Where the line containing "日清食品「日清焼そばU.F.O.大盛 ホイコーロー味焼そば」" appears, start copying; continue through the last line below and copy nothing else.

### MATERIAL TO PROCESS
***
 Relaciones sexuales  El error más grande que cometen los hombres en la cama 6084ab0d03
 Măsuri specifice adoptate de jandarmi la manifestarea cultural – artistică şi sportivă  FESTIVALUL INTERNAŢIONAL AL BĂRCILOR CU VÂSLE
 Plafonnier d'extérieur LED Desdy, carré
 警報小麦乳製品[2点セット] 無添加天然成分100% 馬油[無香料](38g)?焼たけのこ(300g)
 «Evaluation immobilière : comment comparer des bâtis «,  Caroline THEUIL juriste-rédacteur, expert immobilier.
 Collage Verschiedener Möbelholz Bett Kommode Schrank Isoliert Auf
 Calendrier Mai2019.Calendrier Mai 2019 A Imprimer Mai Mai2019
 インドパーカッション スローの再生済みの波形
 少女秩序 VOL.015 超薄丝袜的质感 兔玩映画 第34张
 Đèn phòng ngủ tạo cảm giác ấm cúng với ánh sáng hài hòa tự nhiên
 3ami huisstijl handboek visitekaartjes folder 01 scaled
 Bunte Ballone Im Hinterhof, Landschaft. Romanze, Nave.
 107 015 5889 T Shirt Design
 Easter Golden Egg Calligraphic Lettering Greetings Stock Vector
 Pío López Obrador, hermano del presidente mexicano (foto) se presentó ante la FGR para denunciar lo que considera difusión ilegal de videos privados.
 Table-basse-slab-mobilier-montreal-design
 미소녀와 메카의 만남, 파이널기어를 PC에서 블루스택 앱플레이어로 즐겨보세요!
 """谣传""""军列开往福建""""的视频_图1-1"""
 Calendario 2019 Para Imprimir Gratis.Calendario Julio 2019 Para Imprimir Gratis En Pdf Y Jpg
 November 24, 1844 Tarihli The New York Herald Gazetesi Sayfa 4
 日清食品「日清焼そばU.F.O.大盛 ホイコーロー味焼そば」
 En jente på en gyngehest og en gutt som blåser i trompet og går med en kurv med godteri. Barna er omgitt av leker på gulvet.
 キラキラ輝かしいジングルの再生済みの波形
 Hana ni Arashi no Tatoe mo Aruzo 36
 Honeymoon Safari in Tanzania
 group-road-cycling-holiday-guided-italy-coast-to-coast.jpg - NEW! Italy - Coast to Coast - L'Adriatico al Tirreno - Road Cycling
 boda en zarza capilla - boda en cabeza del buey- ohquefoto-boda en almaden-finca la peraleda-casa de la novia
***
### THE COMPLETED TASK
 日清食品「日清焼そばU.F.O.大盛 ホイコーロー味焼そば」
 En jente på en gyngehest og en gutt som blåser i trompet og går med en kurv med godteri. Barna er omgitt av leker på gulvet.
 キラキラ輝かしいジングルの再生済みの波形
 Hana ni Arashi no Tatoe mo Aruzo 36
 Honeymoon Safari in Tanzania
 group-road-cycling-holiday-guided-italy-coast-to-coast.jpg - NEW! Italy - Coast to Coast - L'Adriatico al Tirreno - Road Cycling
 boda en zarza capilla - boda en cabeza del buey- ohquefoto-boda en almaden-finca la peraleda-casa de la novia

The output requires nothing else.